→ **INSTRUCTIONS FOR THE TASK**
Without changing a single word, restate the entries below.
** RECORDS SUPPLIED follows **
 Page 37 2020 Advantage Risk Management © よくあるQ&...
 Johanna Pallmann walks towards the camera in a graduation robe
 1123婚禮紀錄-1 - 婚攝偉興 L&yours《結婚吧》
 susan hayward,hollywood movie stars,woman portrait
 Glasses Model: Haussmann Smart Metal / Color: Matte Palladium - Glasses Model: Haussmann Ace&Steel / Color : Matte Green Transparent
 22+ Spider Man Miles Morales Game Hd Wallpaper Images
** End of RECORDS SUPPLIED **
→ **RESPONSE BOX**
 Page 37 2020 Advantage Risk Management © よくあるQ&...
 Johanna Pallmann walks towards the camera in a graduation robe
 1123婚禮紀錄-1 - 婚攝偉興 L&yours《結婚吧》
 susan hayward,hollywood movie stars,woman portrait
 Glasses Model: Haussmann Smart Metal / Color: Matte Palladium - Glasses Model: Haussmann Ace&Steel / Color : Matte Green Transparent
 22+ Spider Man Miles Morales Game Hd Wallpaper Images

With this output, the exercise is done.